■ HOW TO COMPLETE THIS TASK ■
With pictures left out, output exactly the lines of the listing below from the line that has "The Marvel cinematic" to the line that has "Theoretical investigation of", both lines kept.
EXERCISE DATA section start
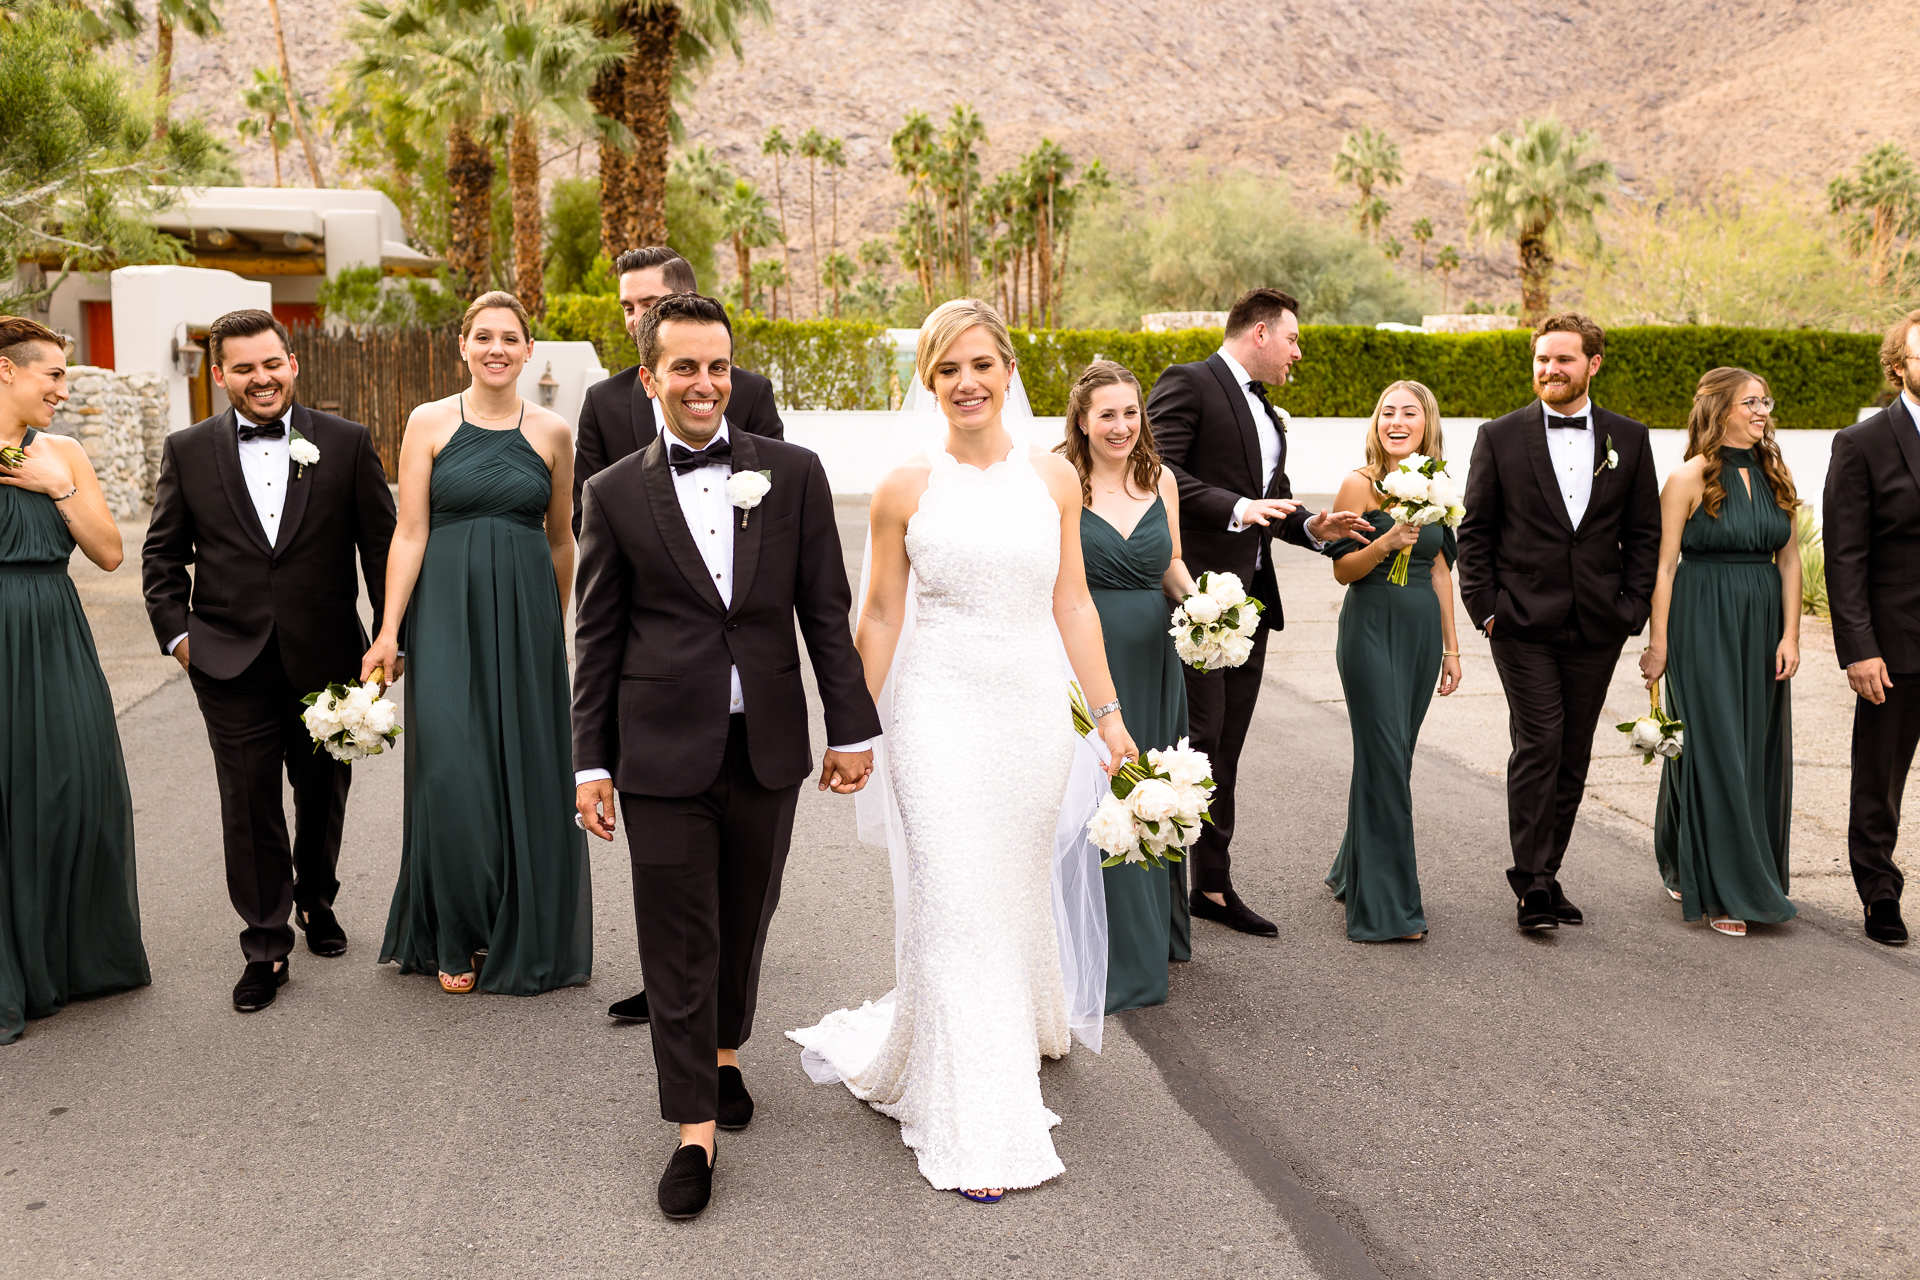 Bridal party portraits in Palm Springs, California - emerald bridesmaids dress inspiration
EXERCISE DATA section end
EXERCISE DATA section start
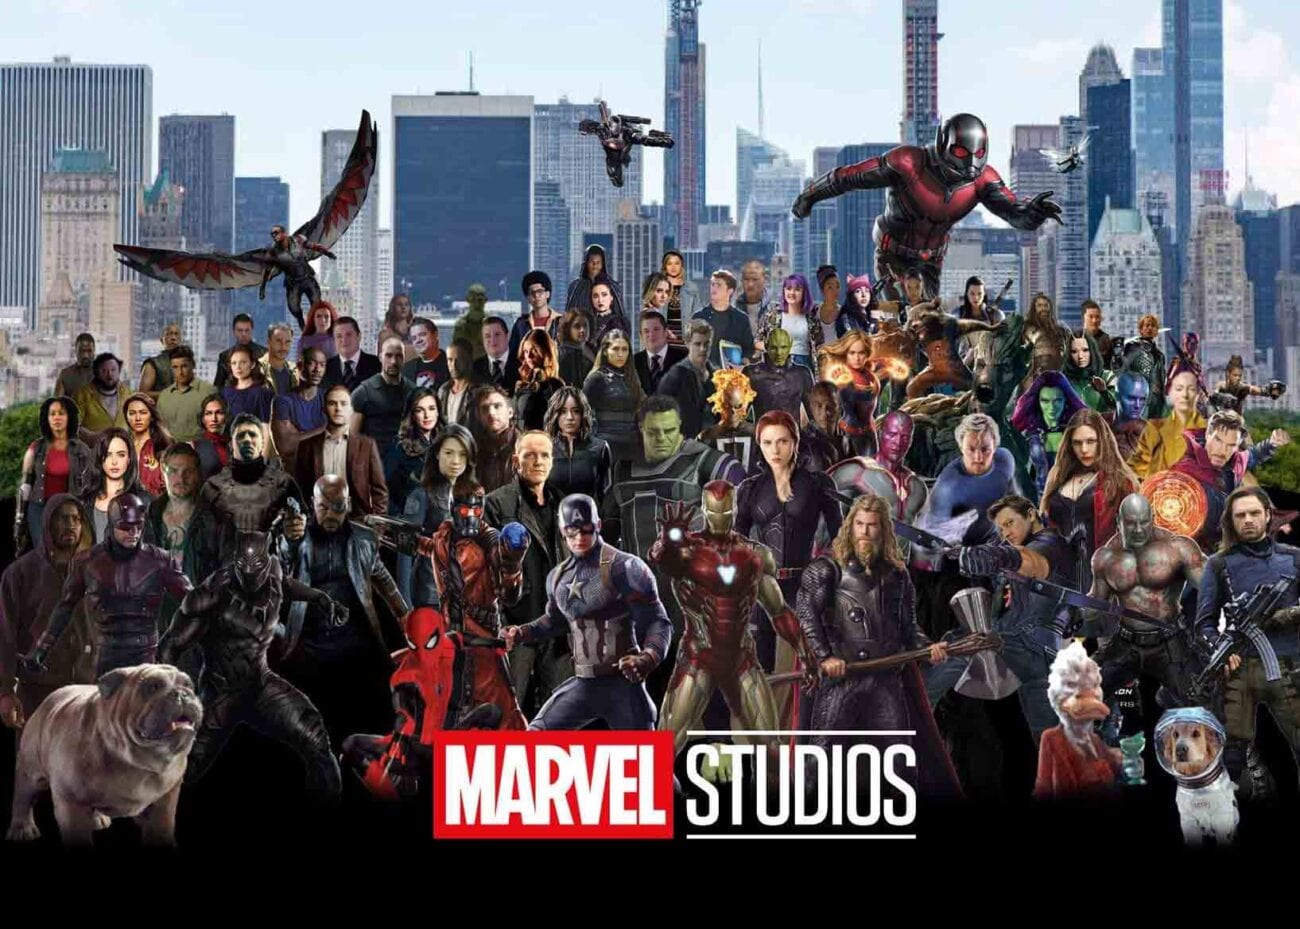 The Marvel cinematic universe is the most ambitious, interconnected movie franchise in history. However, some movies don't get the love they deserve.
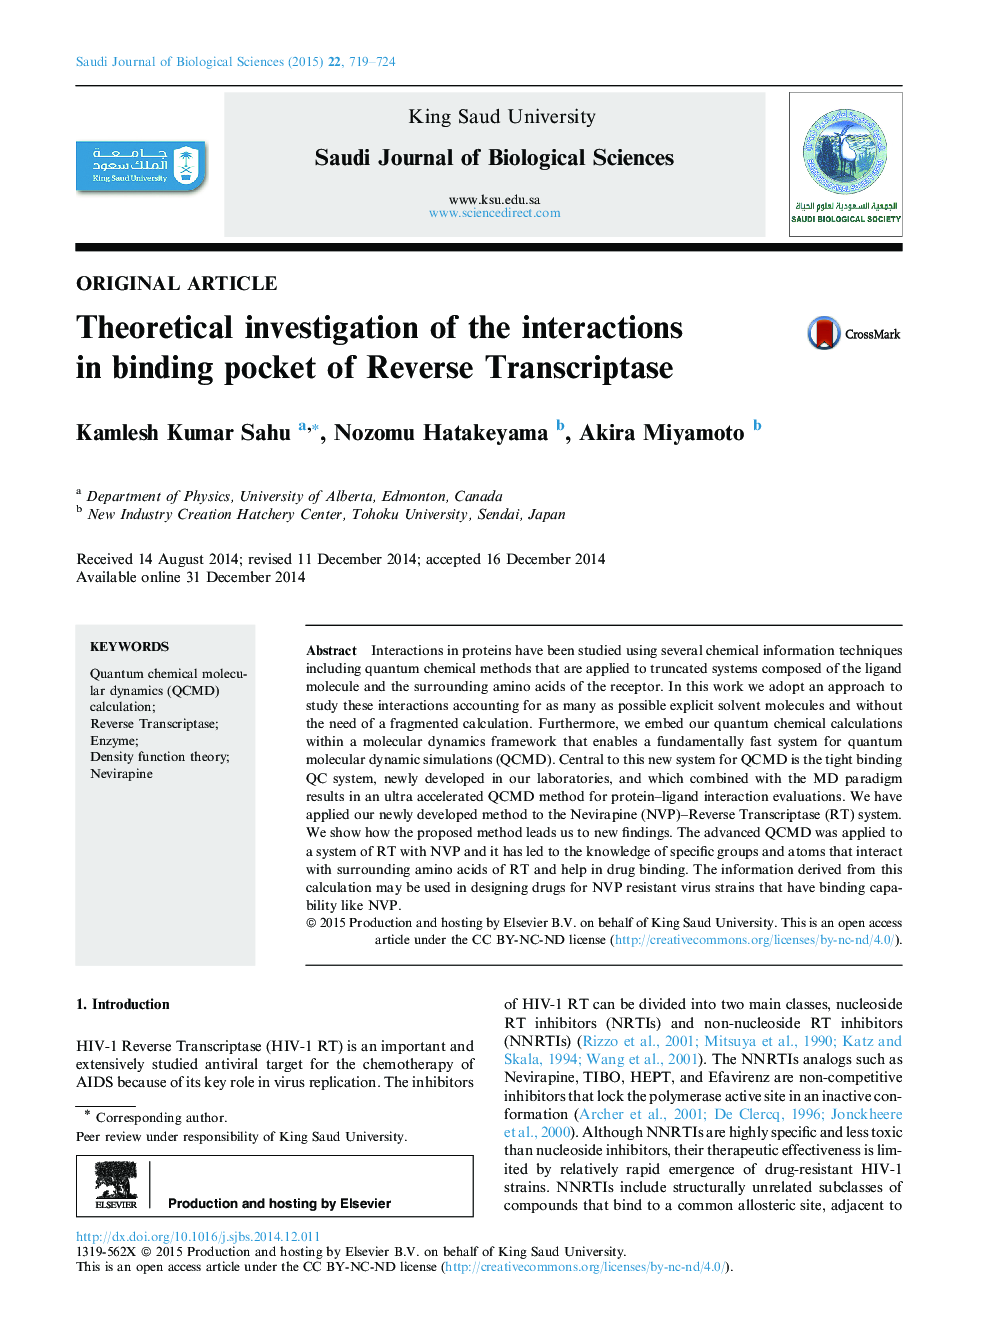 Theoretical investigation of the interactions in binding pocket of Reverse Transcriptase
EXERCISE DATA section end
■ EXERCISE ANSWER ■
 The Marvel cinematic universe is the most ambitious, interconnected movie franchise in history. However, some movies don't get the love they deserve.
 Theoretical investigation of the interactions in binding pocket of Reverse Transcriptase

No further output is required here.